OCEtrac - Ocetrac: morphological image processing for monitoring marine heatwaves#

Recorded Presentation Github repo

  • See warming trend in the oceans…

    • Lots of variability on top of this

    • Compute trend at every point you have data for

    • Can cause marine heatwaves to form

  • Species can cope with fluctuations in temperature

    • If we continue to warm the climate, warm extremes more frequent, more extreme

  • Marine events exceed some threshold over some 30 year time period

    • Can be broader across ocean, or more locally focused

  • Motivation

    • Marine heatwaves don’t stay in one place

    • Complex spatial connectivity and temporal behavior

    • Local analyses may be completely characterize evolution

    • Can we build a tool to identify and track these?

  • Goals of OceTRAC

    • ID marine heatwaves as 2D object from SST anomalies

    • Track marine heatwave objects in space and time

    • Create new labeled dataset of heatwaves

  • NOAA Optimum Interpolation SST (OISST)

    • Mean SSTs - bias corrected

    • Compute SST anomalies

    • Extract only 90th percentile of SST anoms

    • NOAA OISST data - on s3 object storage

      • use pangeo forge to convert from netcdf to zarr

  • Running notebook

    • get your dask cluster

    • Do some preprocessing

      • Need to do this before feeding in

    • Convert into a binary map - if exceed, label 1 - if not, 0

      • Can do this for any type of phenomena

      • Can use this for any feature id

    • After you have this, use SciPy.ndimage

      • Open/close - smooth contours of image

        • Close - fill small holes in features

        • open - eliminate small features

    • Structuring element

      • Radius - define size of element (what is used to construct object)

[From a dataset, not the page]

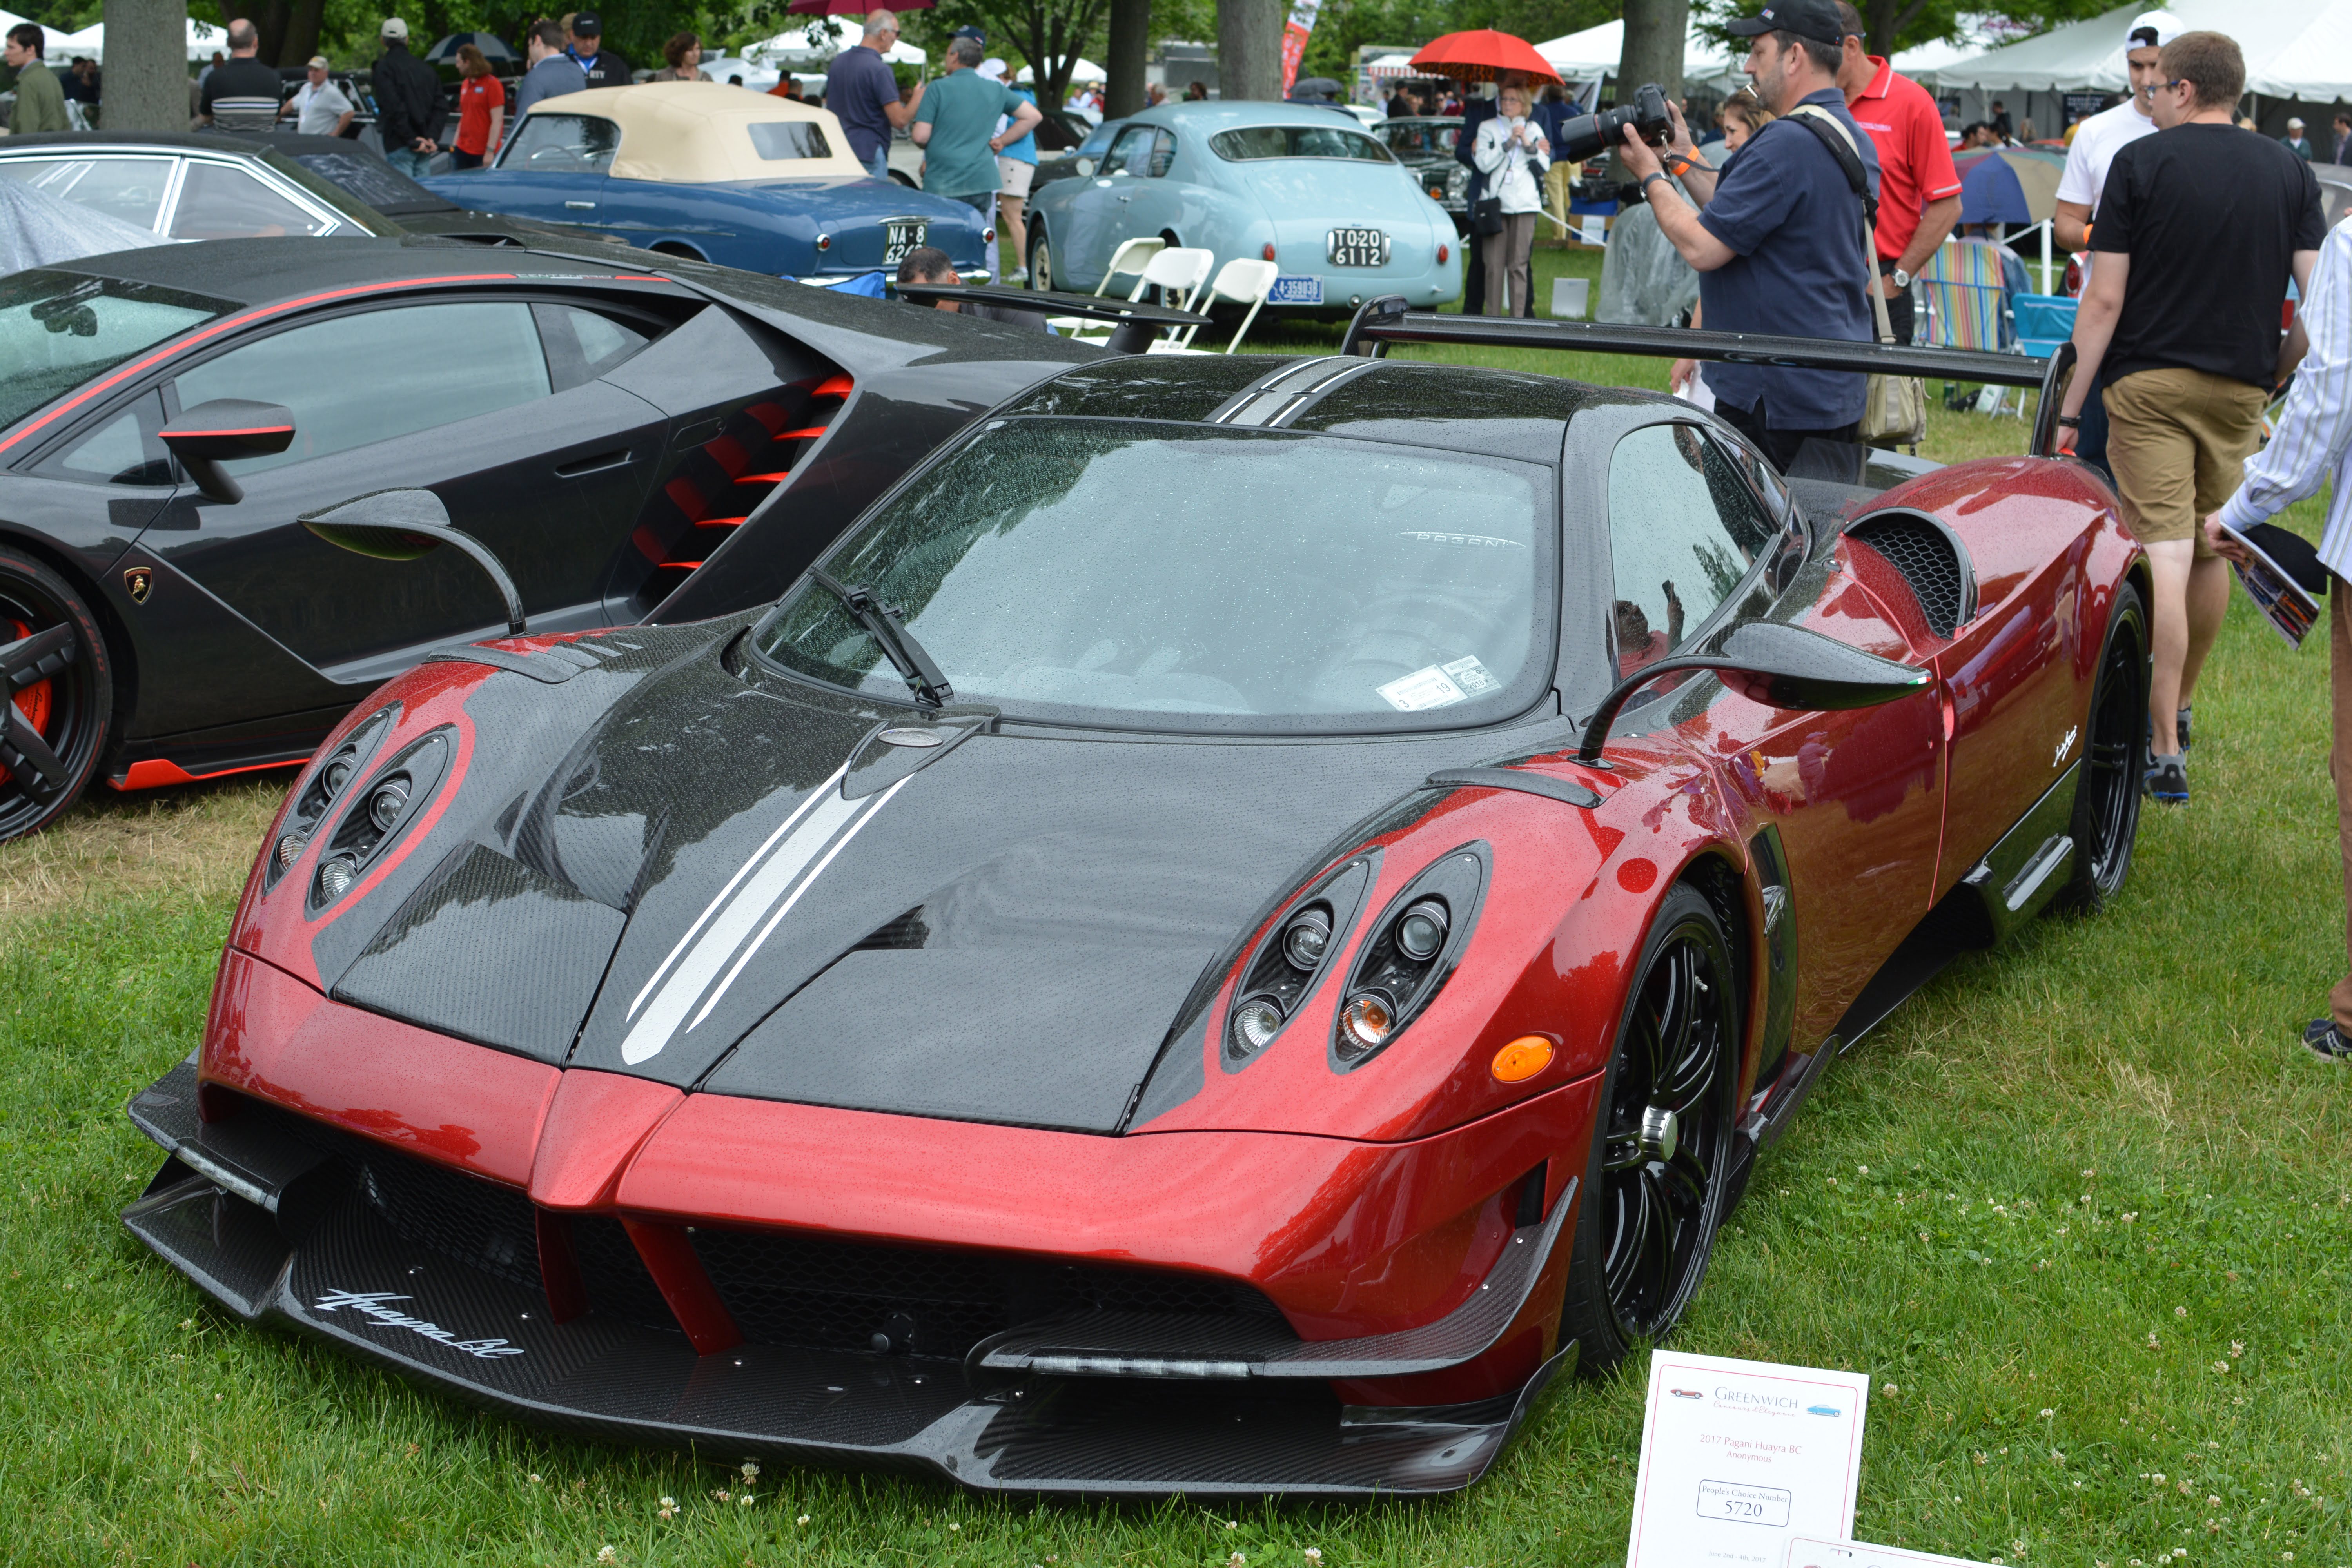 The Greenwich Concours D’elegance hosted its 22nd annual car show on June 3-4, 2017 in Roger Sherman Baldwin Park. Photo Brendan Boyd

    • Once you have object, collect the area (objects below threshold removed)

    • Last part - track in space and time

      • Connectivity element - connected in x, y, time

        • If they are connected, share the same id

      • These can merge, come together, split

        • Heat wave remembers the history

Running this#

  • Load in data array

  • Set radius to number of grid points

  • Minimum size quartile - threshold for object areas

  • Set variables such as xdim, ydim

  • Set up the Tracker object

    • Feed in data array, mask, radius, minsize

  • Each color on there is a different heatwave

    • Can see size and shape of these

    • Can zoom into single events

  • Can look at more stats using regional properties

  • Now have quantified dataset to understand the event

New Insights#

  • Seen two different patterns evolve - regional, global

    • Tropics play big role in global scale

  • Global heat waves last longer, more intense

  • Marine heatwaves split and merge, connected in space and time

  • Can track any ocean variables you want

  • Dealing with the 180 degree seam

    • Something they had to add on… but it’s there now!